Seems like the observation well (19W110U) dips below the lower bound during 2023 and 2024. Let’s zoom into this period and plot the timesteps where this occurs with a different color after retrivieing them with the get_outliers() method.

fig, ax = plt.subplots()

ax.fill_between(fitted_ref.index, y1=lower_bound, y2=upper_bound, alpha=0.5)

fitted_ref.loc["2022":].plot(ax=ax, label="19W100U (fitted)")
obs.timeseries.loc["2022":].plot(ax=ax, label="19W110U")
_ = ax.legend()
../_images/b84b36a7b8ef066b2f575365a50f71793a59d56453cef5a182c0f984746129c4.png

Generate multiple fits at once#

With gwrefpy, you can fit as many reference wells as you like to a single observation well. This is useful if you have many wells to choose from, and would like to rank their fit performance.

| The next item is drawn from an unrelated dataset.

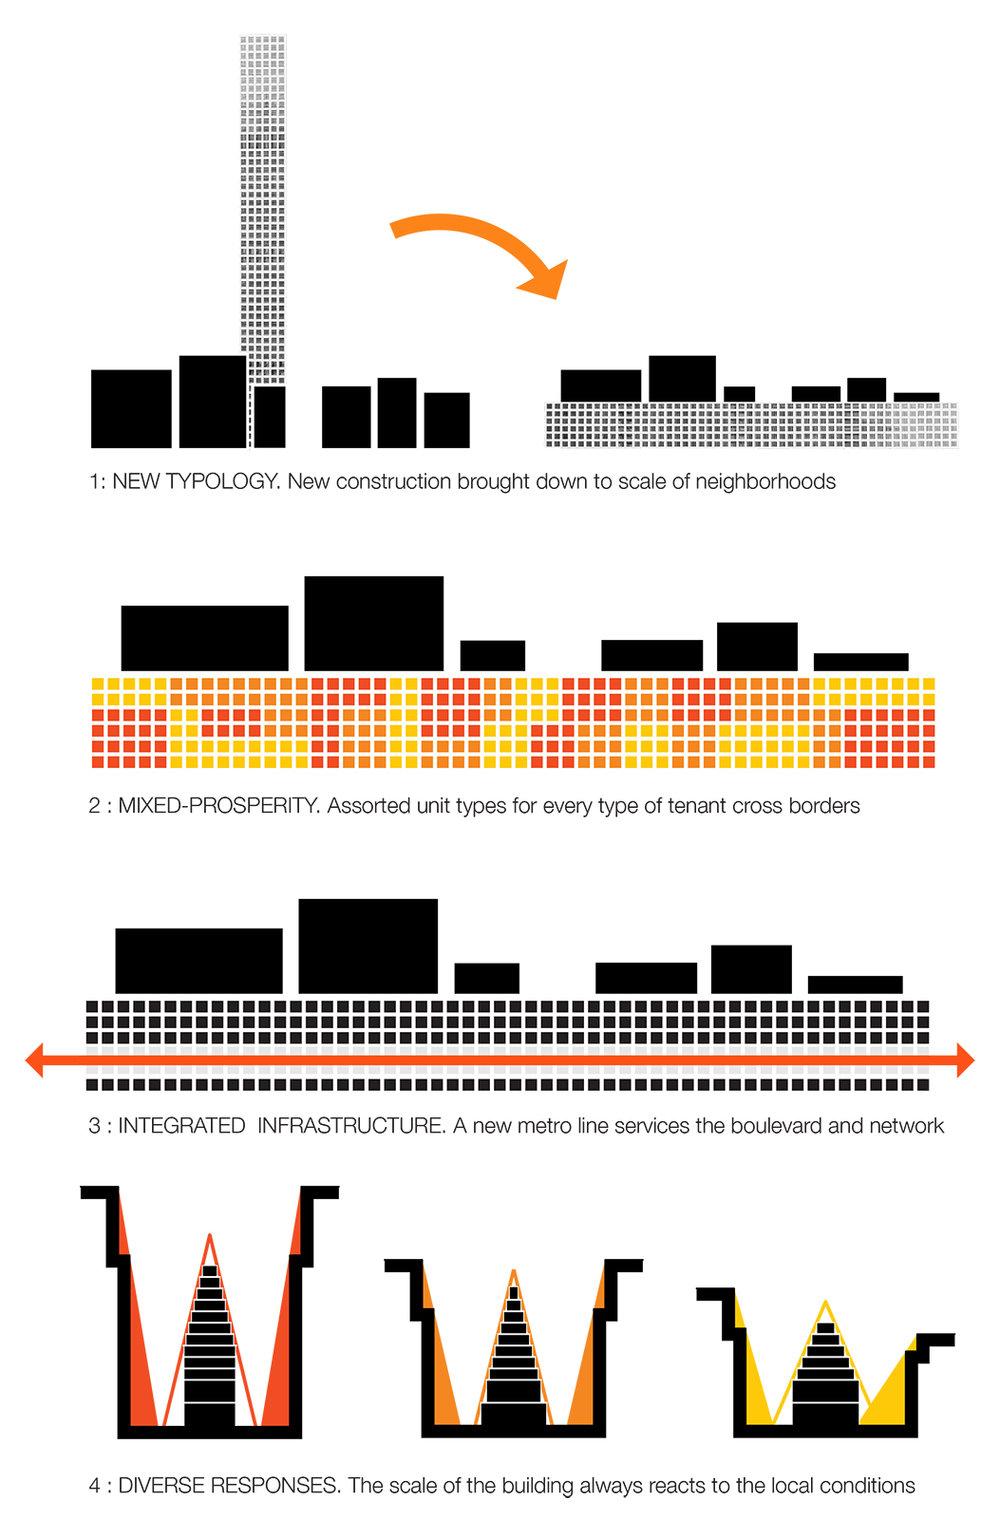 fantasticoffense_infrastructuralinfill_concept_diagram.jpg
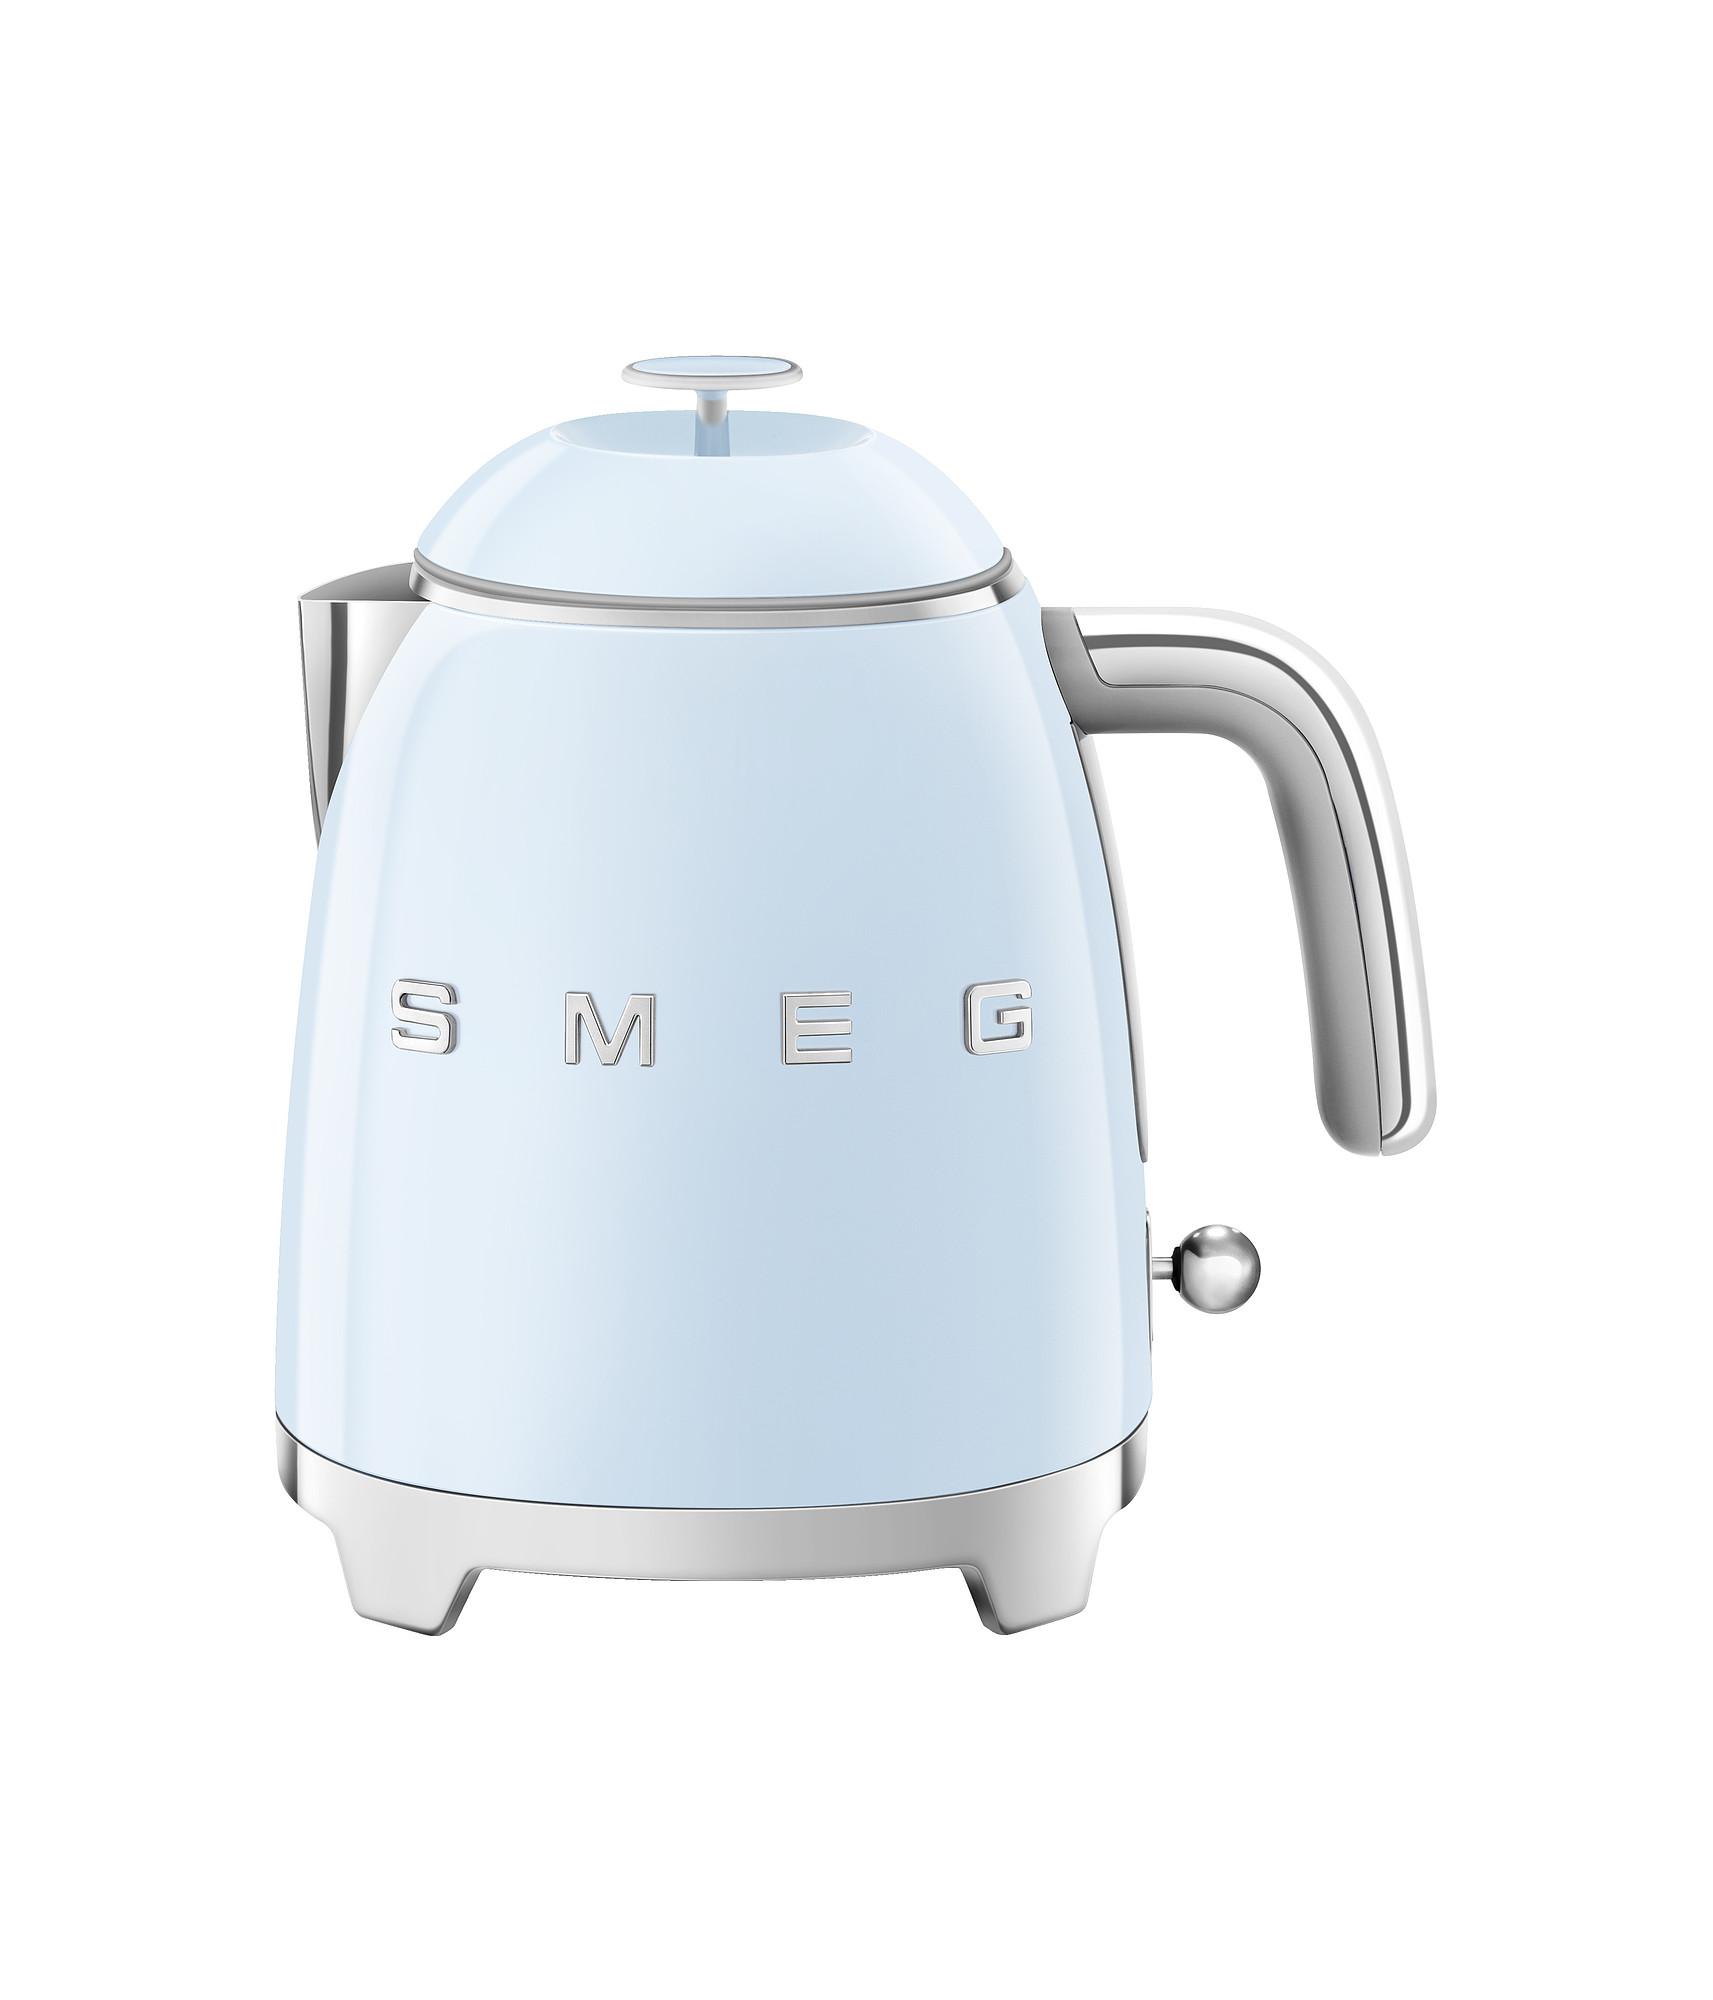 SMEG Mini Wasserkocher Pastellblau

Below, we load an example model with many observation and reference wells and clear its existing fits.

large_model = gr.Model("large_example.gwref")
large_model.fits = []
large_model.obs_wells[:3]
[Well(name=01OBS), Well(name=02OBS), Well(name=03OBS)]

We choose a observation well and then run best_fit(), which will default to perform a fit for all available reference wells.

This project many reference wells, so we select only the top 3 fits with remove_fits_by_n() and then plot the resulting regression fit by fit.

_ = large_model.best_fit(obs_well="01OBS", offset="0D")
_ = large_model.remove_fits_by_n("01OBS", 3)

fig, axs = plt.subplots(ncols=len(large_model.fits), sharey=True, figsize=(10,4))
for ax, fit in zip(axs, large_model.fits):
    _ = large_model.plot_fitmethod(fit, ax=ax)
    legend = ax.get_legend()
    legend.set_bbox_to_anchor((0.5, -0.5))
    legend.set_loc("upper center")
../_images/3f430dfd8123657a770ef9197df50e4068aa29ec288e5a9eb1f1eba67b8bc743.png

This is a great way to evaluate many reference wells for a single observation well!

Happy fitting!